Colm didn't have to transform himself physically. He looks a little bit like Mcguinness. He could channel Mcguinness in a different way, with the rhythms of his language. But they both had a sense of reality together. They could dance with each other as actors in a way that was just very sophisticated.
The movie must play very differently in Britain and Ireland than elsewhere.
The most difficult audience is the UK audience. Because they're too close. And frankly I think they're bored with anything to do with Ireland. They've just had enough. The Irish audience for the film is extraordinary, very warm. When we opened in Belfast, both sides came — the heads of Sinn Fein, the heads of the DUP, ex-hunger-strikers, ex-IRA members. They understand that it's a fictional account, but also that it's a celebration.
I've seen it play well at the Venice Film Festival, with Italian subtitles, and at Toronto and New York. And I saw it play here in Washington last night to a very sophisticated audience who understood every single reference. From a political standpoint, the Washington audience gets everything about it. They liked the politics of it, because it's their business.
While they're in the van, McGuinness and Paisley are being observed by British agents. So theirs is sort of a performance within a performance. Did you think of it that way?

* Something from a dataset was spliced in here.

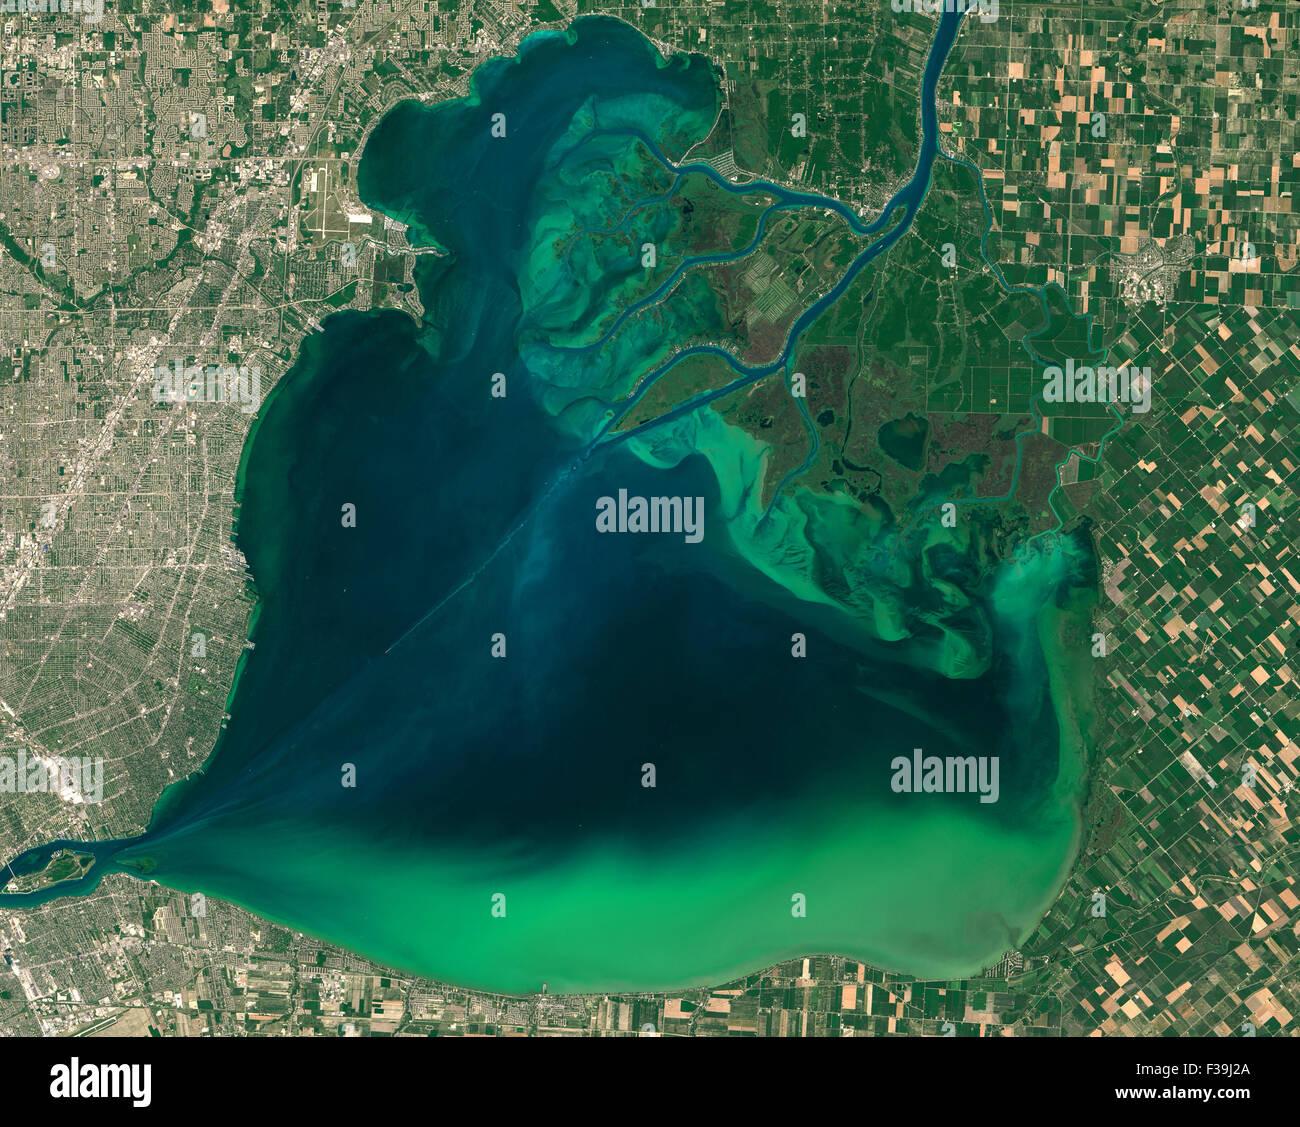 Fioriture algali intorno ai grandi laghi, visibile come volute di verde in questa immagine del lago di St. Clair Immagini Stock

Oh, yeah. That's what it is. The car is the stage, and we are the audience of the audience that's watching the video surveillance of the car. We're one step removed, because the secret service is also watching the movie. Watching them perform. As they did in real life in Northern Ireland.
One of your supporting character is Tony Blair, who doesn't come off all that well.
I'm guilty of using Blair as a kind of comic relief in the movie. But I don't really care what Blair's detractors think of him. History will write itself. I can tell you for a fact that he was incredibly involved in the peace process.
In addition to the two central characters, one of the cast is also deceased. John Hurt. Did you know he was that ill?
Yes. Although John wasn't very interested in talking about that. One of the reasons we took John is that he wanted to say those lines. He really wanted to be part of the movie. I felt that John has just contributed so much to cinema over the years that if he fancied doing that, then it was our job to give him the space to do it.
Was it hard working with him?
No. We made it very comfortable for him. The difficulty was getting insurance. So we said we'd shoot his scenes in a short period of time. He knew he was seriously ill. But he wanted to work right to the end. He had a drink every night at the bar, and he was a very happy man.
Featured image: Colm Meaney & Timothy Spal. Courtesy IFC.